Accordingly, the driving transistor Tr_D is turned off when the current flows in the direction of the source terminal while the drain terminal is floated with the high potential voltage VDD, and the voltage of the source becomes “Vref-Vth”. Here, Vth represents the threshold voltage of the driving transistor Tr_D. At this time, the voltage between the gate and the source of the driving TFT Tr_D is stored in the storage capacitor Cst, and sensing of the threshold voltage Vth of the driving TFT Tr_D is completed.

In the data input period T2 , the first scan signal in the second high state is supplied to the scan line SL, and the second scan signal in the low state is supplied to the sensing line SEL. Accordingly, the first switching transistor Tr_S1 is turned on in response to the first scan signal in the second high state, and the second switching transistor Tr_S2 is turned off in response to the second scan signal in the low state.
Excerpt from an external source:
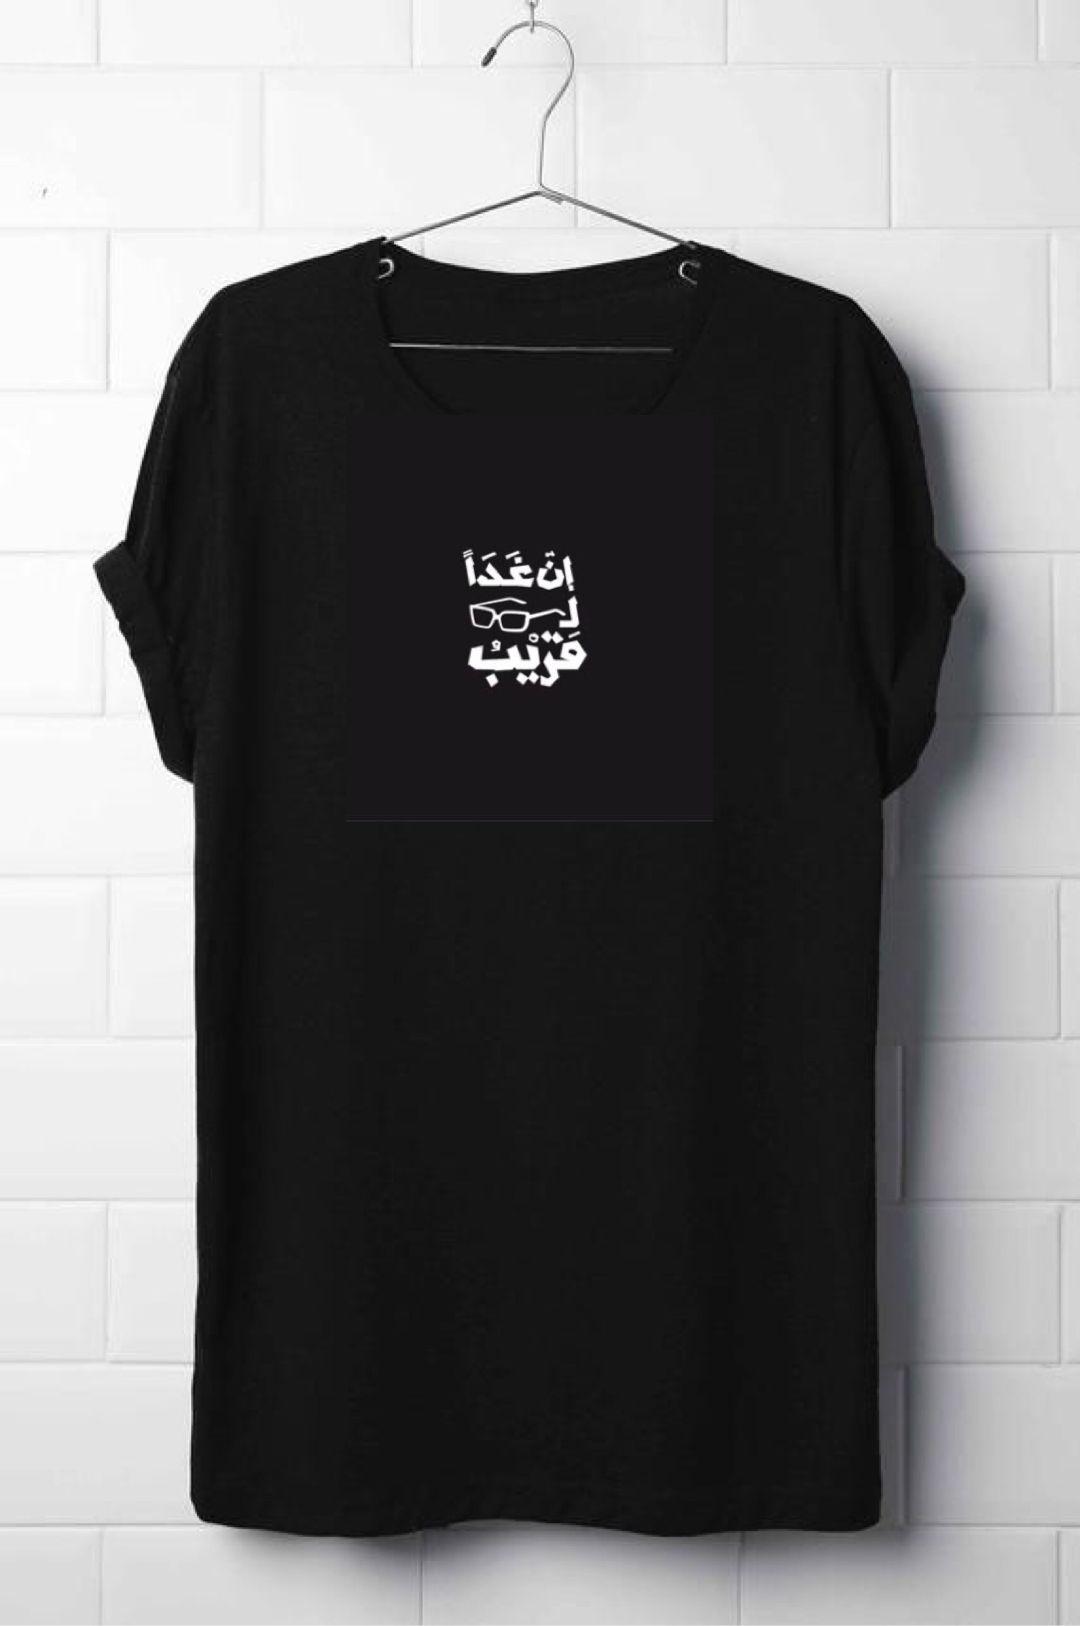 Pin By الحمد لله At 33319 On تصميم تيشرتات Mens Tshirts Tops Mens Tops

The data voltage Vdata from the data line DL is supplied to the first node n1, that is, the gate electrode of the driving transistor Tr_D through the turned-on first switching transistor Tr_S1. At this time, since the second node n2 is separated from the first node n1 by the driving transistor Tr_D in the turned-off state, the potential in the sensing period Ts is almost maintained as it is.

In the light emission period T3 , the driving transistor Tr_D is turned on by the data voltage Vdata transferred to the first node n1 . The turned-on driving transistor Tr_D generates a driving current according to the data signal supplied thereto, and the organic light emitting diode OLED emits light by the driving current.

Meanwhile, before the data input period T2, after a stabilization period Δt for a predetermined time in which the first and second switching transistors Tr_S1 and Tr_S2 are turned off, the first switching transistor Tr_S1 is turned on to provide a data voltage A data input period T2 in which (Vdata) is supplied to the first node n1 may be executed.

As shown in FIG. 3 , the organic light emitting display panel 102 having such sub-pixels is driven by a panel driver including a data driver 104 , a scan driver 106 , and a timing controller 108 .

The light emitting display panel 102 includes a plurality of sub-pixels arranged in a matrix form. As illustrated in FIG. 1 , each sub-pixel P includes first and second switching transistors Tr_S1 and Tr_S2 , a driving transistor Tr_D, a storage capacitor Cst, and an organic light emitting diode OLED.

The light emitting display panel 102 is divided into first to Nth (here, N is a natural number greater than 1) display blocks DB1 to DBN in units of i (here, i is a natural number greater than 1) horizontal lines. .

The timing controller 108 includes a control signal generator 110 , a memory controller 112 , and a memory 114 as shown in FIG. 4 .

The control signal generator 110 generates a scan control signal SCS and a data control signal DCS for controlling driving timings of the scan driver 106 and the data driver 104, respectively, based on a synchronization signal input from the outside. do. The generated scan control signal SCS is supplied to the scan driver 106 , and the data control signal DCS is supplied to the data driver 104 . In particular, the control signal generating unit 110 generates a scan control signal SCS that allows the first and second scan signals of each display block DB to be sequentially driven in units of horizontal lines to the scan driver 106 . supply

The memory controller 112 controls the reading RD and the writing WR of the block memory BM included in the memory 114 . The memory control unit 112 causes the image data for each display block DB to be stored in the block memory BM, and the image data for each display block DB stored in the block memory BM is transferred to the data driver 104 . to be output as

The memory 114 includes N block memories BM for storing data of one frame so as to correspond to the light emitting display panel 102 driven by being divided into N display blocks DB. Each block memory BM stores pixel data corresponding to each display block DB. In this case, a line memory or a frame memory may be used instead of the block memory BM. Also, the memory 114 may include a smaller number of block memories BM than the number of display blocks DB. In this case, each block memory BM operates by alternately reading RD and writing WD. The memory 114 outputs image data for each display block stored in the block memory BM to the data driver 104 under the control of the memory controller 112 .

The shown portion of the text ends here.